A fleck of spittle smears her lips. Her eyebrows crowd her forehead. She looks on her bed: under pillows, damp and smelling of the room.
Oh what will one find in her room anyway? Expired make-up and tangled sheets? She smirks at her need to secure her possessions, steps out onto the cobbled street, and draws the door shut, recklessly deciding to leave it unbolted.
She walks with a forward stoop, the posture her body assumes when she is at ease. Irish winters are inhospitable. The frigid caress of the winds leaves even the sturdy birch with brittle branches. But at least tourist season is over. No more Asians and Brits scampering on the streets in clutters of brown and white skins, clutching Celtic crosses or porcelain dolls and glossy tickets to Aran islands. It is once
again the Galway of the townspeople.
She takes the shortcut through Prospect Cemetery. She likes the squeal that accompanies the opening of the cemetery gate; a song for the living, she fancies, a compensation for the dirges sung in their honor, that they will never savor. The tombstones seem like hands wanting to wave, but frozen, partly by the weather, mostly by the cold corpse below. A lone willow rises amidst the graves, stripped of
flower and leaf. Was it under this tree that he kissed her? She stops beneath its gnarled branches. Yes. It was here. He shoved her against the bark and pressed his mouth against hers. When he withdrew, he found her eyes were glassy, cold as the coldness she cursed his lips to. He wiped his cherry lips, as though to rid them of a stain.
He arrived at her doorstep that night. Tormented by the aborted kiss. He felt the familiar privacy of her room would coax her into responding. She lay below him, stoic as the naked cadavers that eceived a ritualistic bath of rosemary and mint in the days of the Gaelic.
His body ached with a passion whetted but not satiated. He left, crimson with humiliation. How was she to tell him? That she was tormented by the hallucination of a serpent entering the mouth of a canary and watering down its sweet song to a wispy caveat? Did you know Neil, she says bitterly to the tree, this chimera haunted me from the time I turned six, from the time Uncle, mother's brother, began living with us, doing more than helping mother accept her widowhood?
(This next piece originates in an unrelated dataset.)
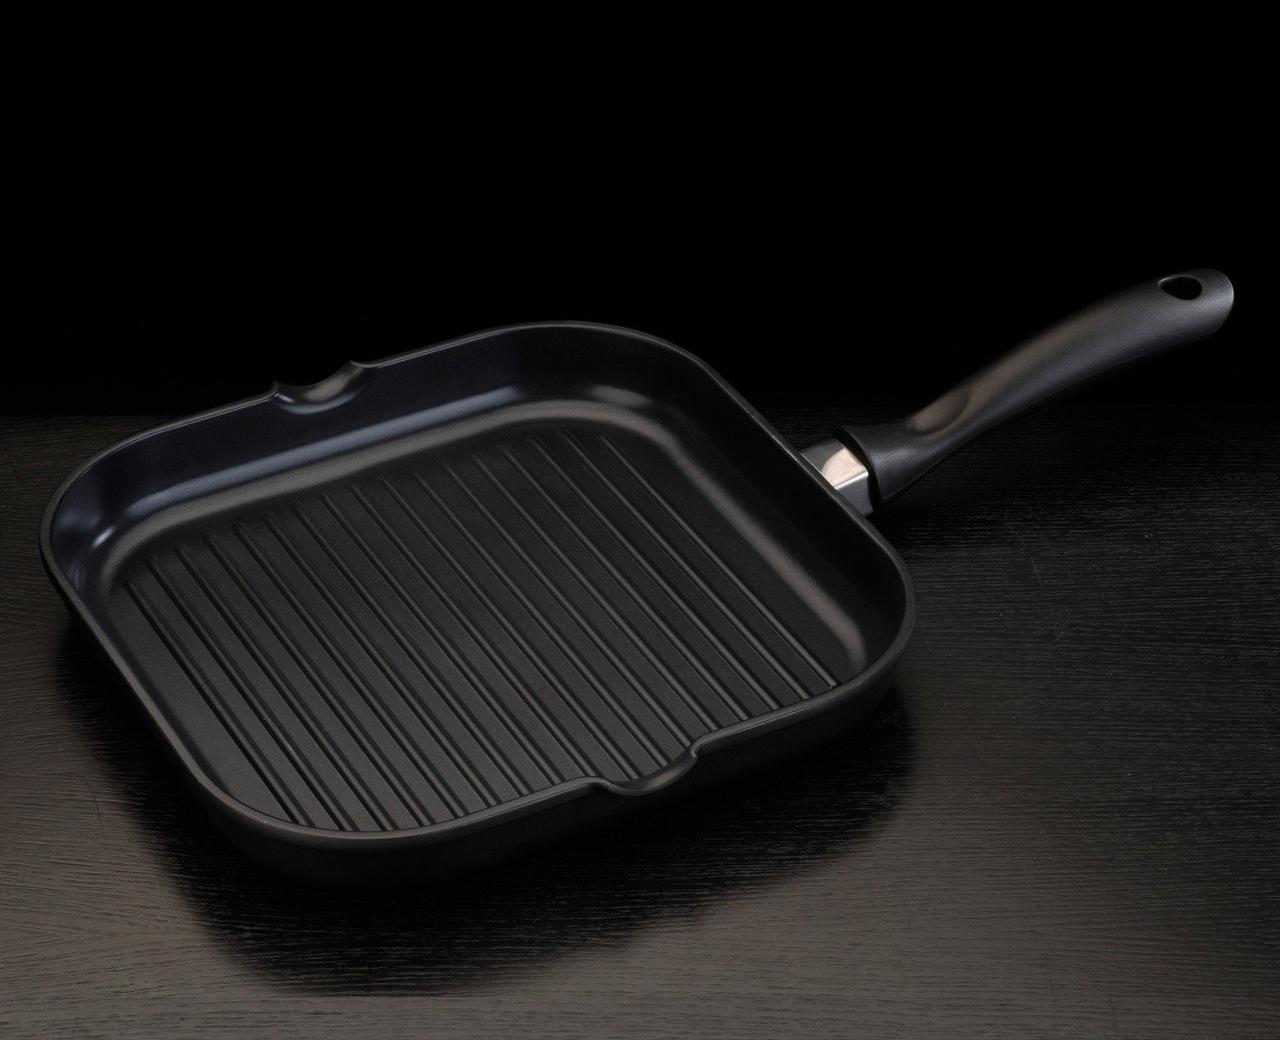 прокаливание чугунной сковородки

A tear froze on its way down her cheek. Her eyes trembled. She placed a tentative finger on the tree.
The scar was still there. Left on her wrist by the ropes that bound her to the iron bed. A bed that hundreds slept on, schizophrenics, manic depressives, people called mad for lack of a fancy phrase to attach to their lunacy. What was the nomenclature attached to her act of consuming forty sleeping pills after Neil dumped her? Without
racking her brain she summons the name. Suicidal extreme.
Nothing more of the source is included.